- Born: 17 September 1945 (age 80) Elche, Spain
- Education: University of Bologna
- Scientific career
- Fields: International law
- Workplaces: Autonomous University of Madrid

= Antonio Remiro Brotóns =

Spanish international lawyer and academic

Antonio Remiro Brotóns (born 17 September 1945) is a Spanish international lawyer and academic. He is an emeritus professor of public international law at the Autonomous University of Madrid and a member of the Institut de Droit International and the Permanent Court of Arbitration.

== Career ==

Remiro Brotóns was born in 1945 Elche, Spain. He received a LL.D. from the University of Bologna in 1969 while residing in the Collegio di Spagna. He defended a thesis entitled Il mantenimento della pace e della sicurezza internazionale americana nel quadro dell'Organizzazione degli Stati Americani e della carta delle Nazione Unite. This earned Remiro Brotóns the 1969 "Vittorio Emanuele II" prize for best thesis of the Faculty of Law of University of Bologna. From 1971 to 1981, he taught at the University of Murcia, where he became a professor and was appointed dean of the Faculty of Law and vice-chancellor of the university. Since 1981, Remiro Brotóns is a professor of public international law at the Autonomous University of Madrid. Here he served as dean from 1983 to 1985.

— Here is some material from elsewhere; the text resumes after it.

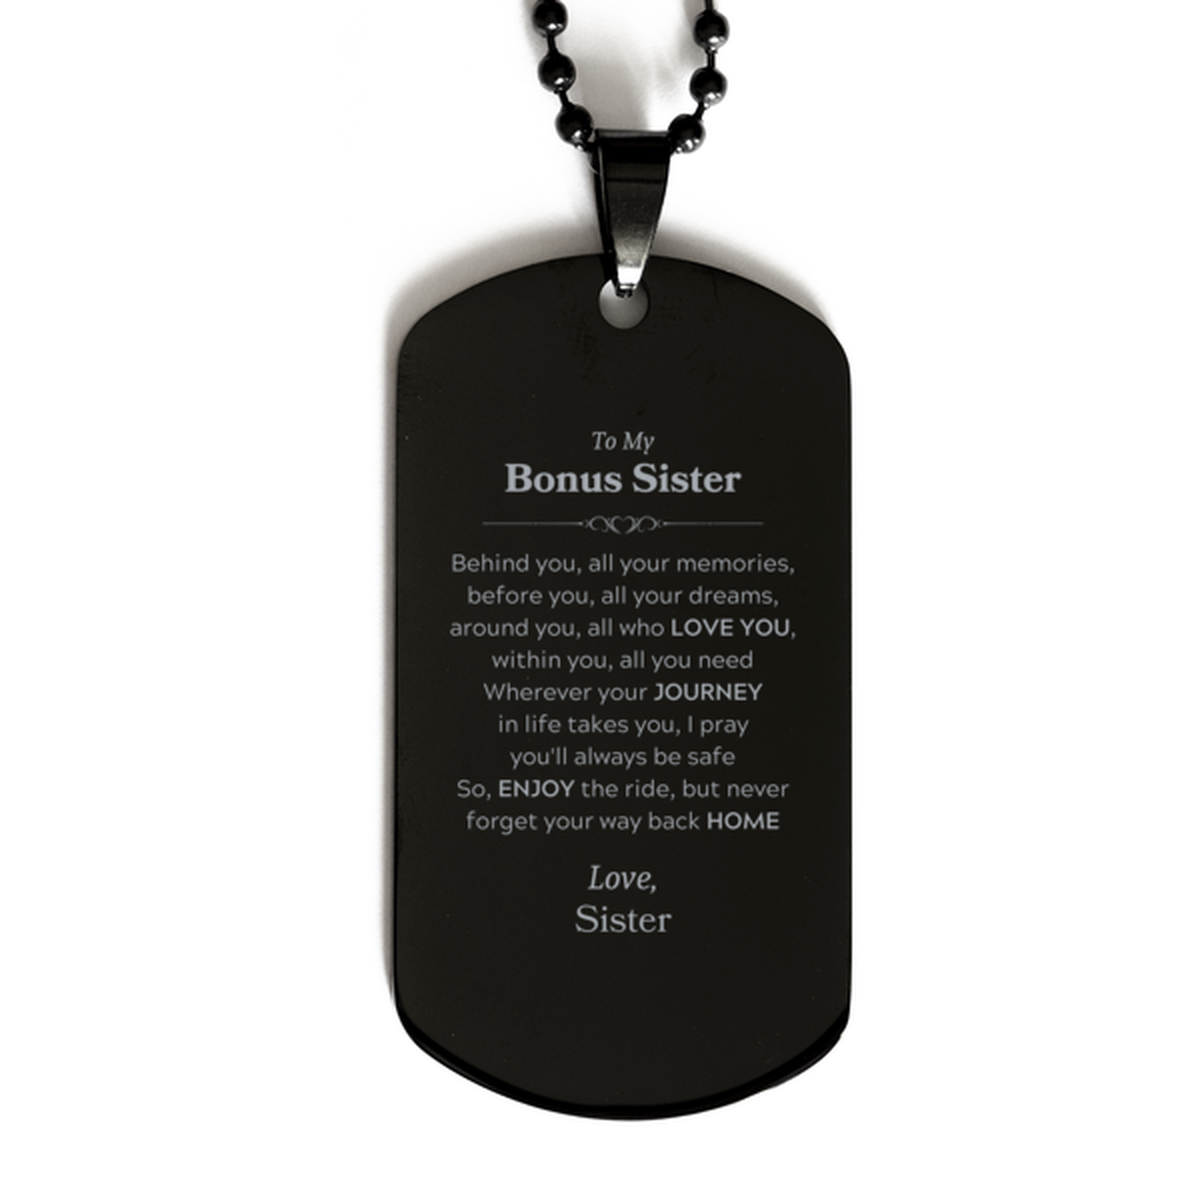 To My Bonus Sister Graduation Gifts from Sister, Bonus Sister Black Dog Tag Christmas Birthday Gifts for Bonus Sister Behind you, all your memories, before you, all your dreams. Love, Sister
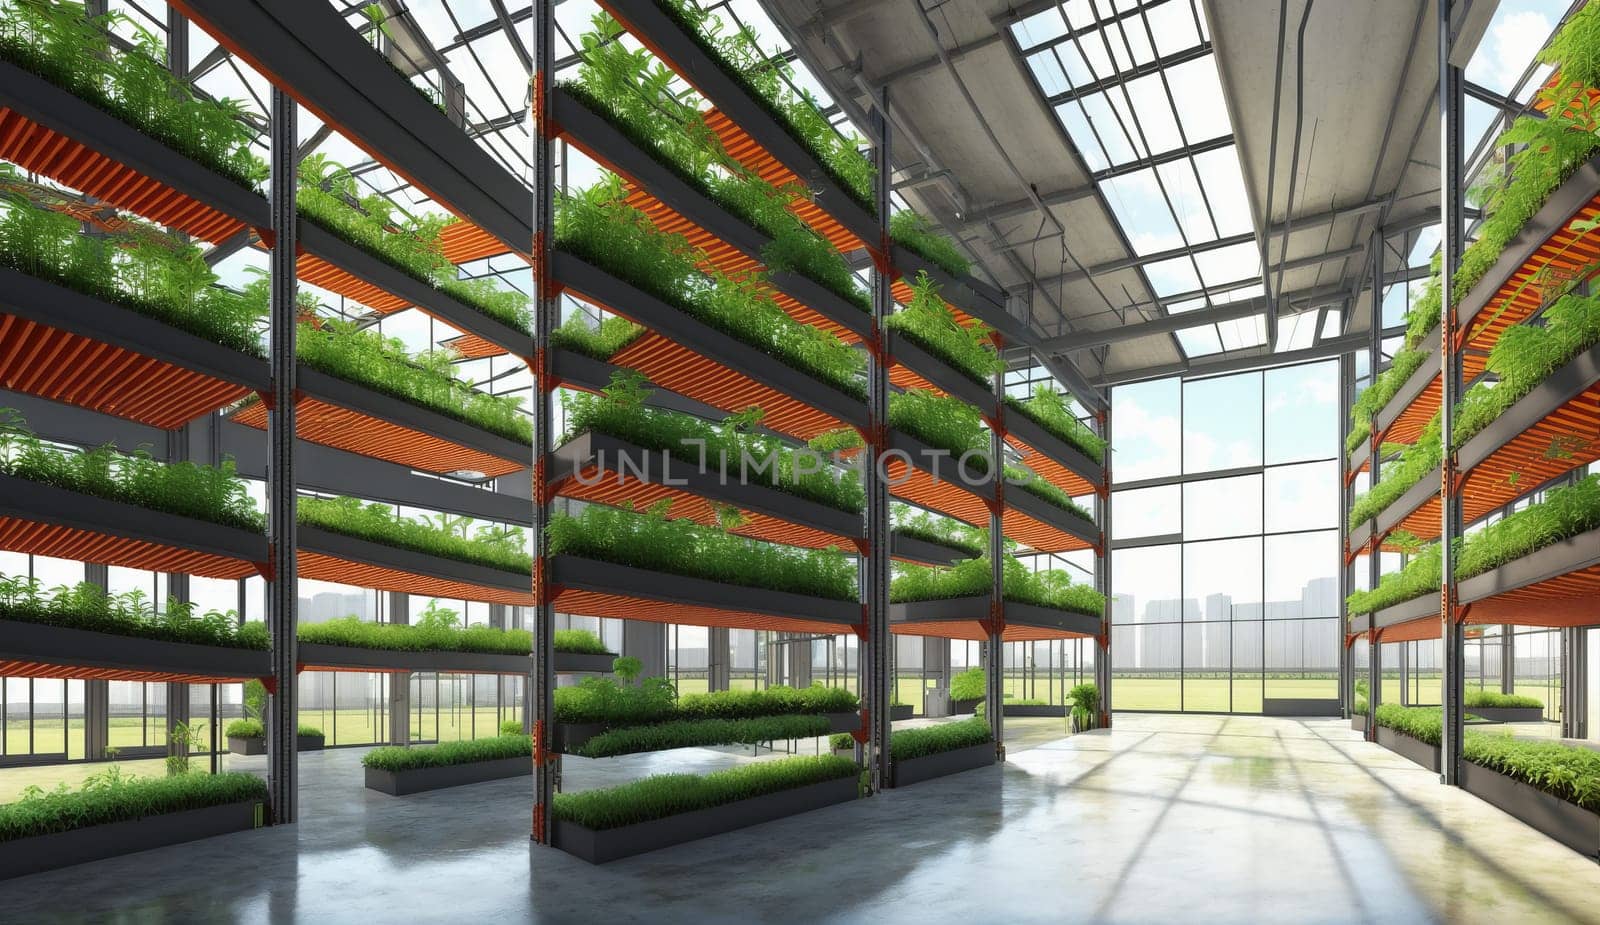 An artists interpretation of a glass greenhouse overflowing with a variety of plants, creating a beautiful urban design fixture with a facade of greenery

Remiro Brotóns has been counsel and lawyer for many governments, including the Spanish government, in the area of public international law. He has defended El Salvador, Nicaragua, Bolivia and his native Spain in contentious cases before the International Court of Justice. He also was counsel and lawyer for Argentina during the aftermath of the Laguna del Desierto incident.

Remiro Brotóns has been a lecturer at several research and higher education institutions, among them Panthéon-Assas University, the Graduate Institute of International and Development Studies, El Colegio de México and the Hague Academy of International Law. In 2010, he received a degree honoris causa from the Autonomous University of Santo Domingo due to his contributions to international law in Latin America. He is a member of the European Academy of Sciences and Arts.

== Other ==

Remiro Brotóns has appeared in Spanish television and radio multiple times. From 1990 to 1992, he presented Telecinco's daily news bulletin on international politics Entre Hoy y Mañana. Remiro Brotóns taught law to Felipe VI of Spain during 1992 and 1993. He is a member of the Board of Editors of Oxford Bibliography On Line: International Law.